My First Competition — Connection For The Damned
(Note: Pictures will be added when I am not blocked from twitter and the images I posted there)
So this dare, Ludum Dare 30 was my first time submitting a game to the competition. Not only that, it’s also one of the first times I’ve tried to make a game on my own. Most of my previous work was either very simple and not much of a game, or it’s been in a team of some friends. I had such a clever idea too, make a platformer that progresses from a hellish place, to paradise as the player works off their sins. However I never made such an elaborate game, I started 5:30 am on Saturday and planned to possibly stay up all night and work on it Sunday. As I worked on it, I eventually realized that my engine was going to be far too slow and I quickly jumped to libGDX. I got up and running pretty quickly. Then I hit a brick wall, I’ve never made a platformer. Ever. Not even a side scrolling, or tile based game of any sort.

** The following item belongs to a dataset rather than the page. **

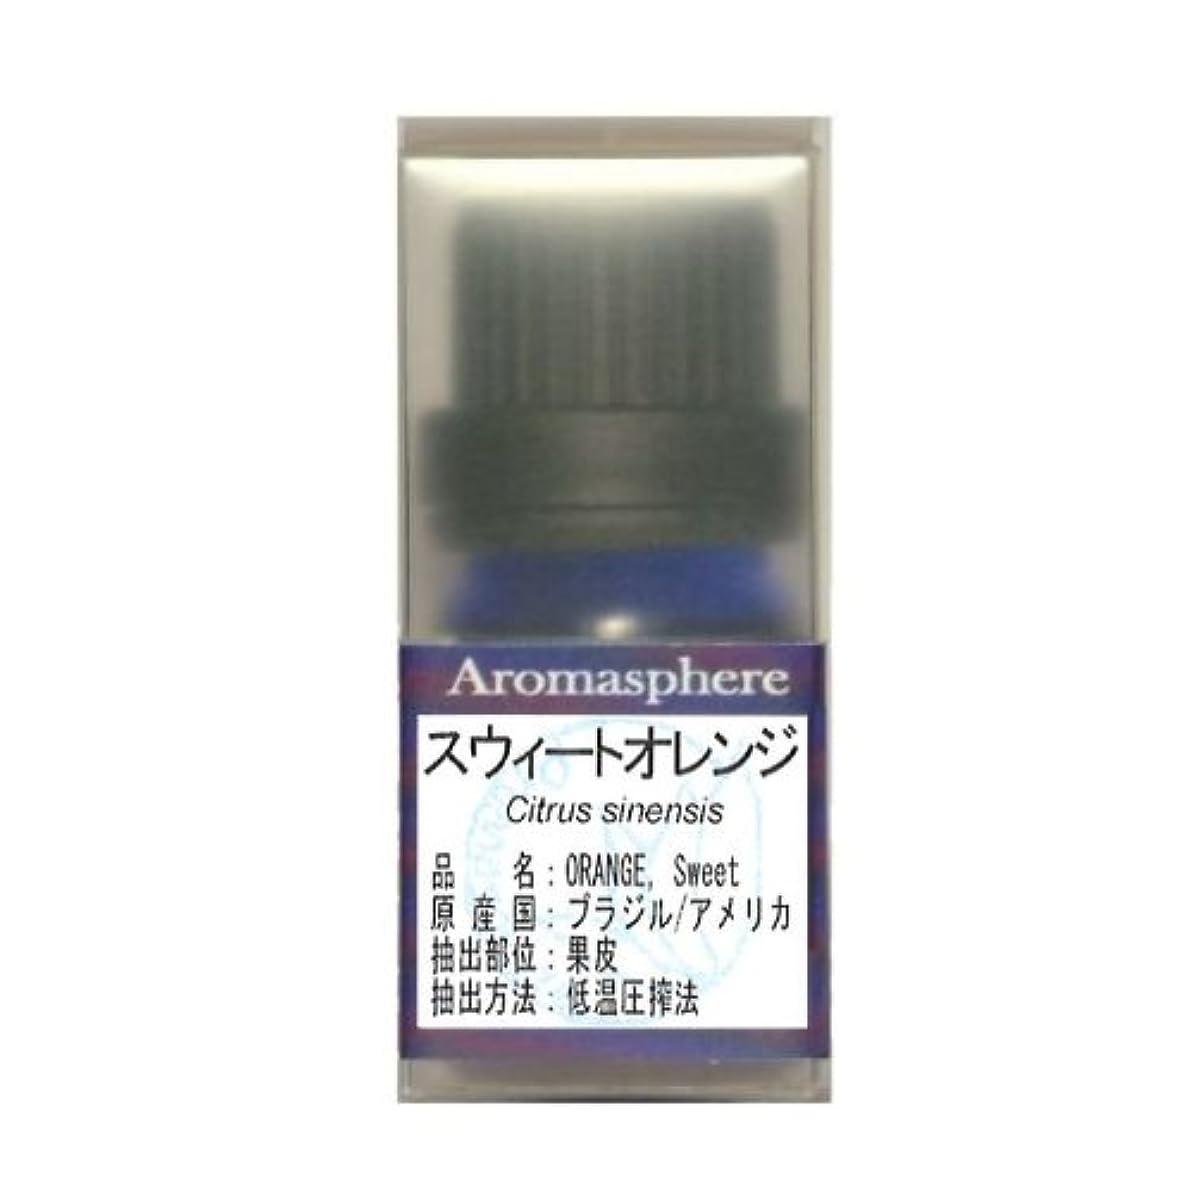 【アロマスフィア】スウィートオレンジ 5ml エッセンシャルオイル(精油)
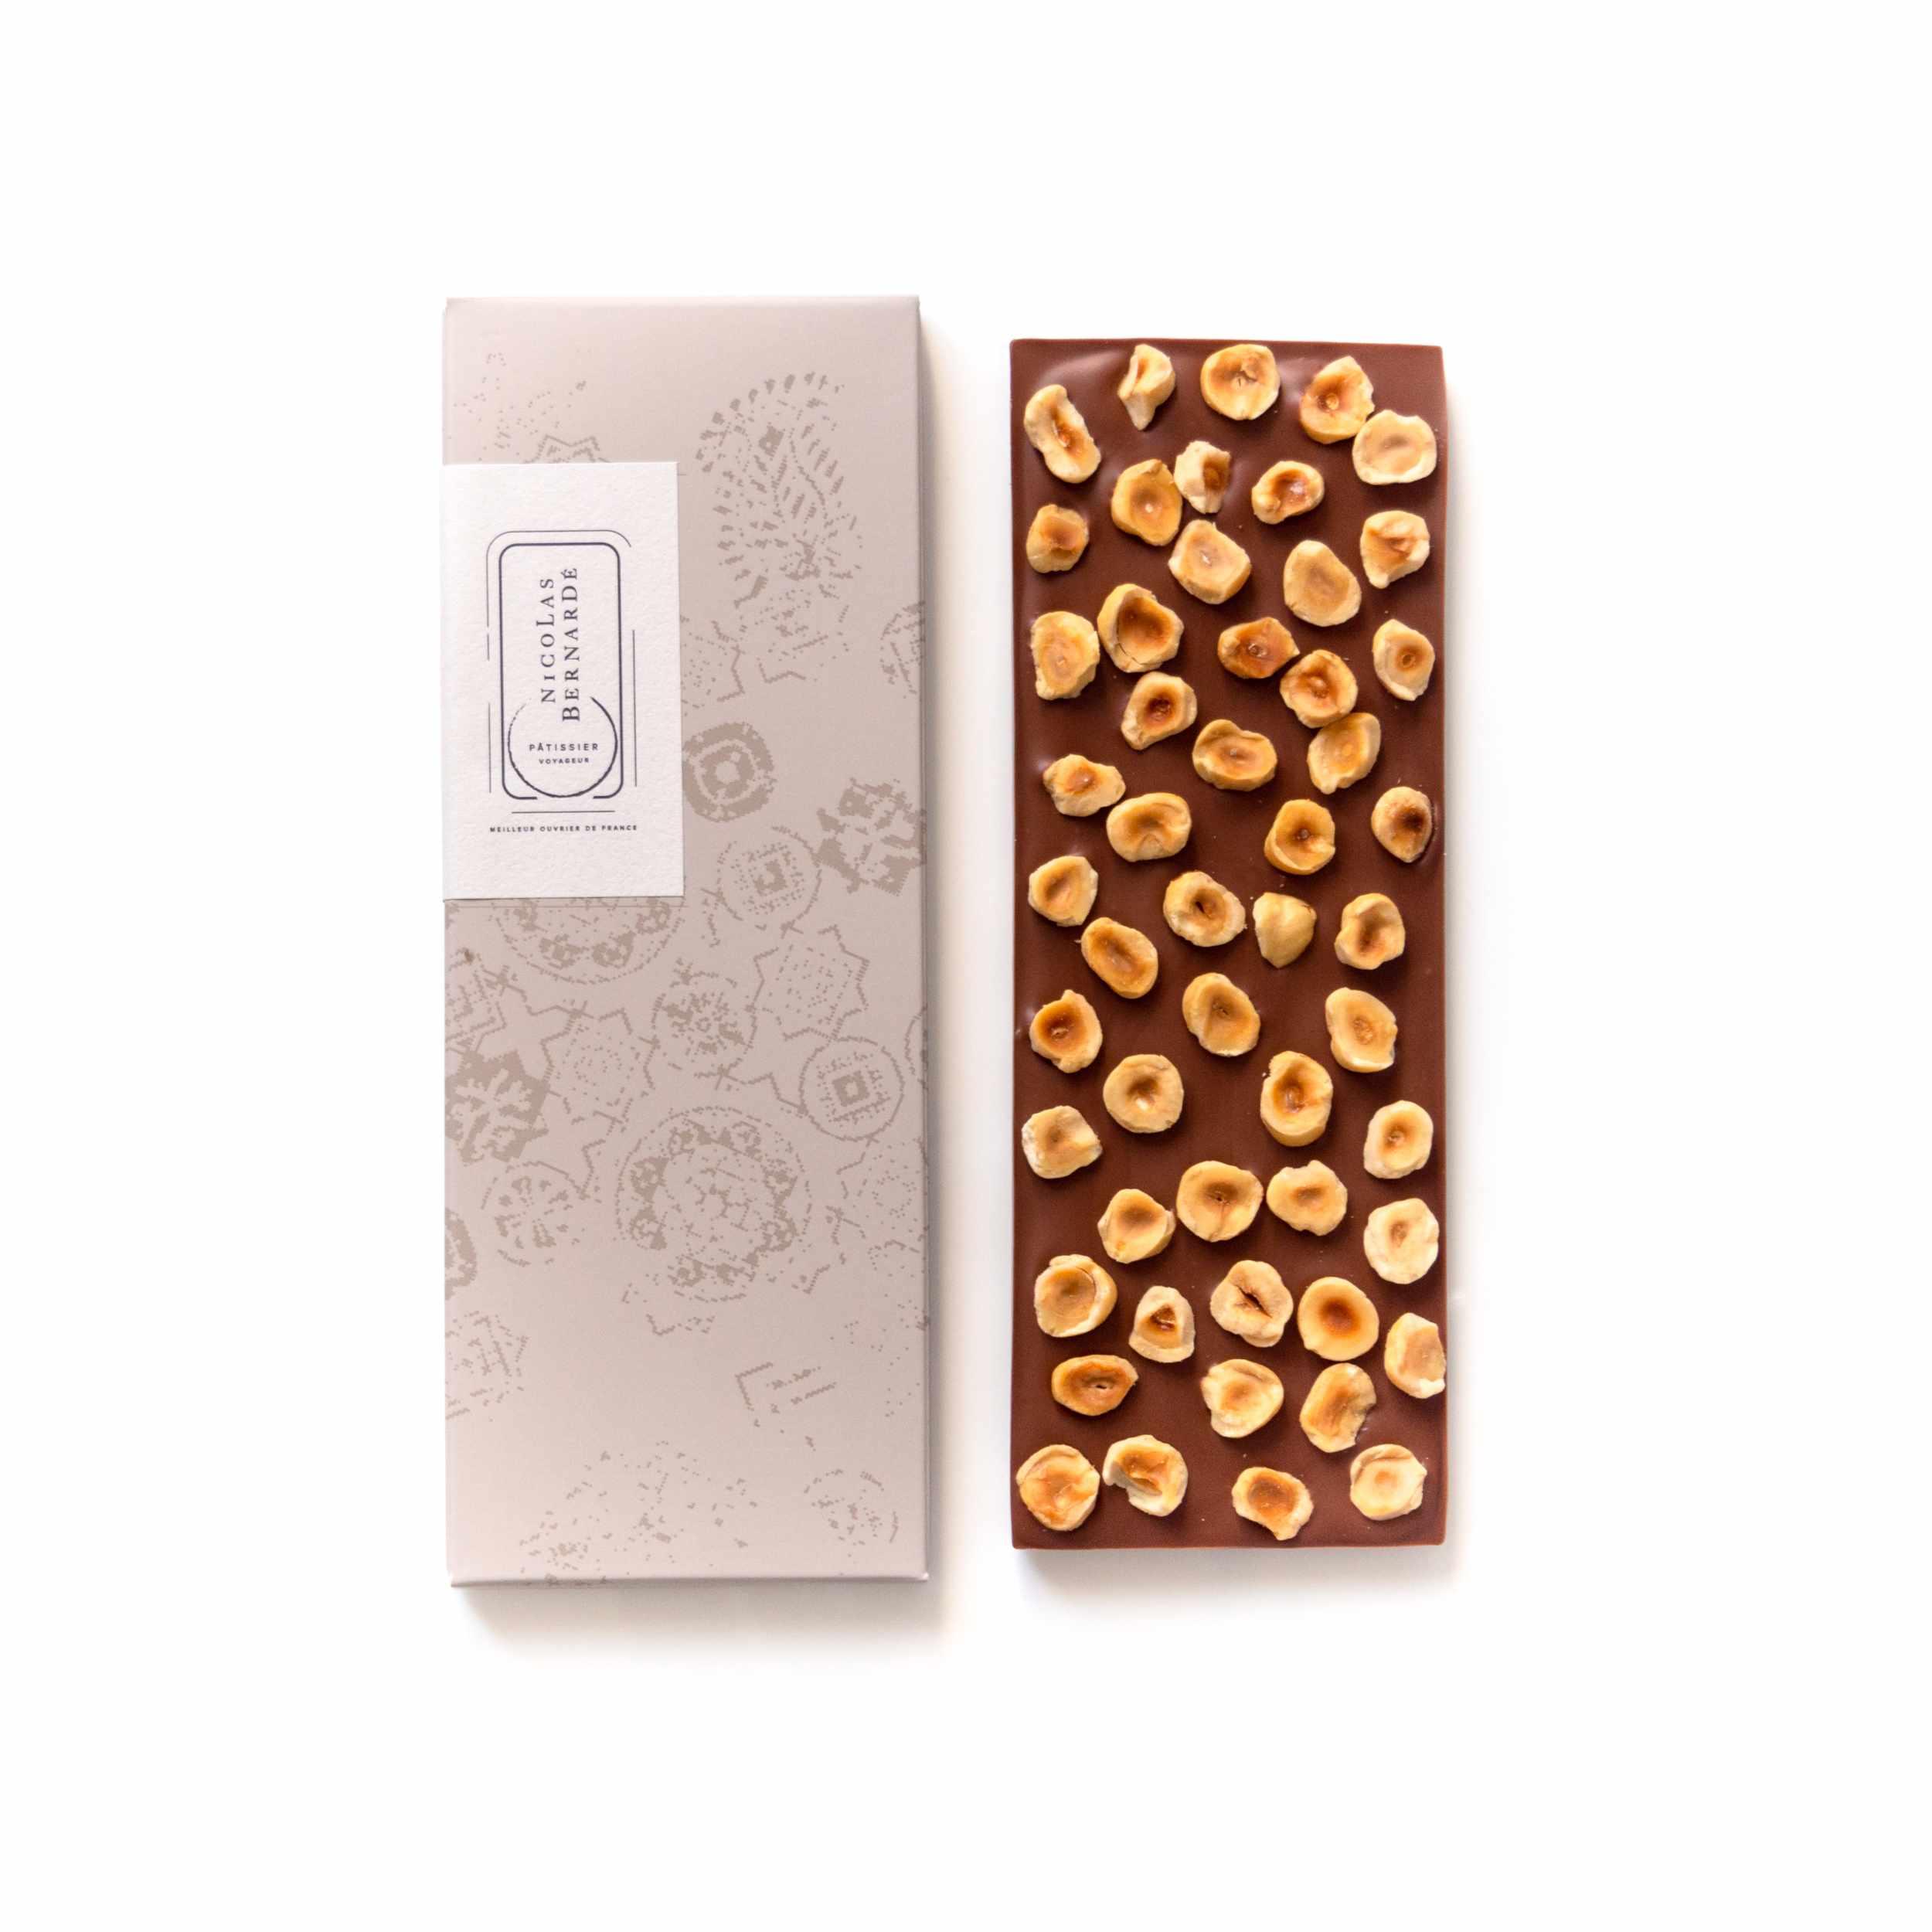 Tablettes chocolat lait enrichi Noisettes

[Picture of progress at that point]
I quickly decided that I would give up the scrolling movement and do one screen sized levels. Then it came to collision detection, collision detection was simple, I already had the code for the bounding boxes done, but I didn’t know what to do. How do I handle the intersection of player and npc, or player and moving platform or still platform even. So I took a glitch in one of my attempts to do the calculation, turned it into the win mechanic and cleaned up the background a bit. I finished the game about 12-1am and woke up very tired on Sunday to finish homework
[Picture of finished product]
So while I resign myself to learn platformers, and improve my graphics abilities and the like, it shows a clear lesson to be learned. Have a basic kind of game in your ability to make, know basic physics and collision code, don’t write an engine if you need alpha compositing to be complicated.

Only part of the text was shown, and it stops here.